Artificial intelligence (AI) adoption in Australia is advancing rapidly, but the benefits in terms of economic value and productivity remain limited, underscoring a leadership challenge rather than a technological one.
According to recent research, 63 percent of Australian workers using AI report they are accomplishing tasks they could not perform a year ago. However, only 28 percent of these employees believe their organizations have a clearly defined AI strategy, indicating a disconnect between workforce capabilities and executive alignment. While many businesses track AI success through metrics such as the number of licenses issued, pilot projects launched, or hours saved, fewer assess impacts on employee engagement, product enhancement, customer outcomes, or broader business value.
This gap is significant, as Australia faces modest economic growth and stagnant productivity. The economy’s gross domestic product (GDP) rose 2.1 percent over the past year, while productivity increased by only 0.3 percent, a rate considered insufficient to drive wage growth or improvements in living standards. AI has the potential to address this productivity shortfall. Projections from EY-Parthenon indicate AI could contribute up to A$116 billion to the Australian economy by 2036, support 44,000 additional full-time jobs, and boost GDP by 3.2 percent.
Realizing these gains, however, requires more than deploying AI technology. Success depends on investment in organizational capital—including processes, business models, and skills—that integrates AI into how work is fundamentally done. Leading businesses are extending AI use beyond customer service and software development into finance, risk management, and operational functions. Teams are redesigning workflows so that AI supports decision-making and customer interactions as an embedded component rather than an overlay.
Experts emphasize the need for adaptive leadership focused on clear purposes and measurable outcomes amid the rapid evolution of AI capabilities.

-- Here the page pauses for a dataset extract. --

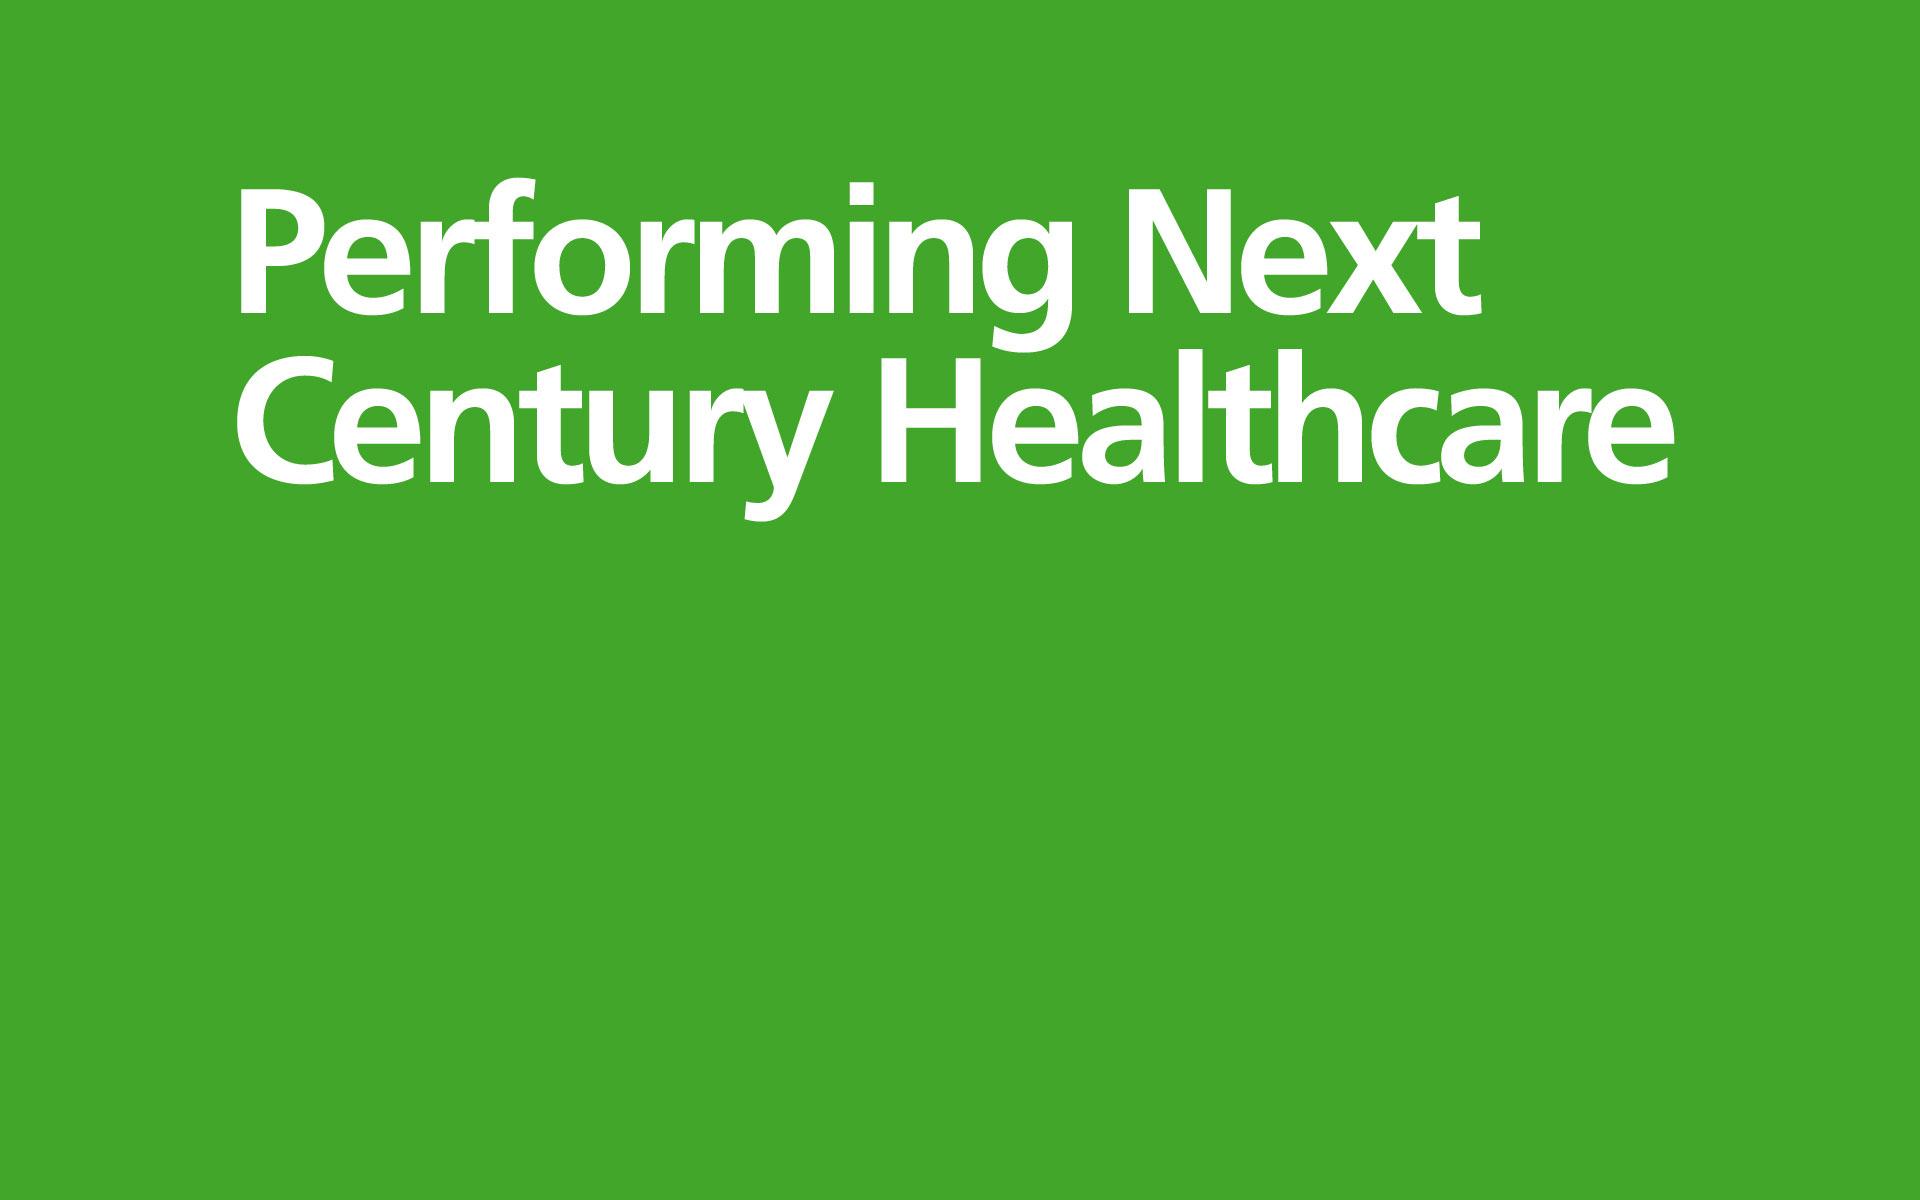 Vanguard – Performing Next Century Healthcare

Traditional transformation methods, which rely on fixed end goals and detailed roadmaps, may prove inadequate. Instead, organizations should cultivate a continuous learning cycle, where leaders establish direction, monitor results, and adjust investments and tools in response to emerging evidence.

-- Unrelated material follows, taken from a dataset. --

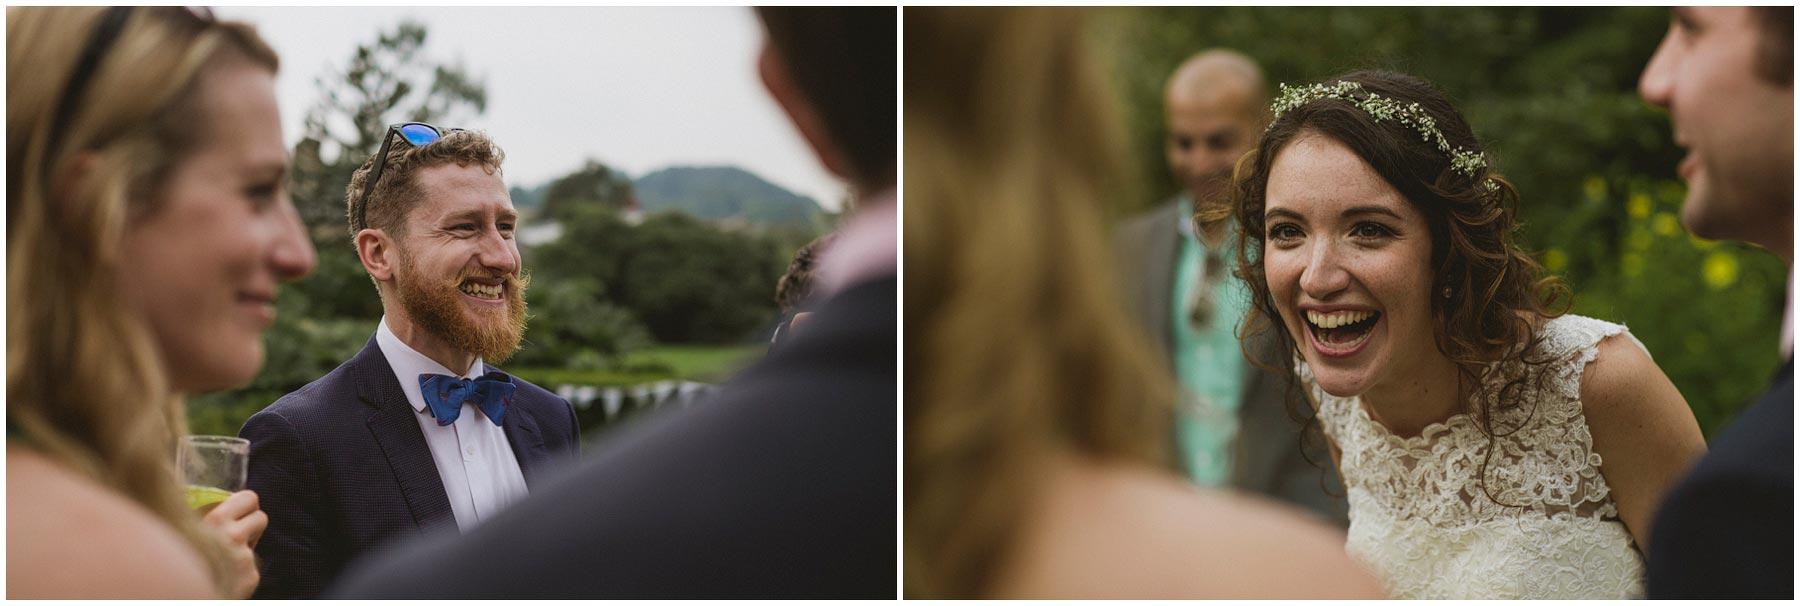 Colehayes-Park-Wedding-Photography_0148

Integral to this approach is fostering trust through robust security measures, data protection, and human oversight embedded in workflows. Clear guidelines help employees understand when to act rapidly and when to exercise caution, building confidence in AI technologies.
A growing trend among leading organizations is the creation of accountability roles often referred to as AI value engineers. These professionals manage the entire AI value chain—from baseline assessment to workflow redesign, testing, and scaling—while coordinating across business, finance, technology, risk, and workforce domains. They track costs and returns, gather feedback from staff and customers, and guide future investment decisions.
Current challenges arise from fragmented ownership, where technology teams manage platforms, operations oversee processes, and finance controls business cases, resulting in diffuse responsibility for outcomes and limited impact realization.
Ultimately, enhanced productivity enabled by AI could deliver broader societal benefits, supporting higher wages, funding new products, and enabling government services such as healthcare and education to improve.
Australia benefits from a skilled workforce, strong research capabilities, and a genuine willingness to adopt AI, providing a solid foundation. The key task remains translating widespread experimentation into sustainable value to ensure AI delivers on its transformative promise.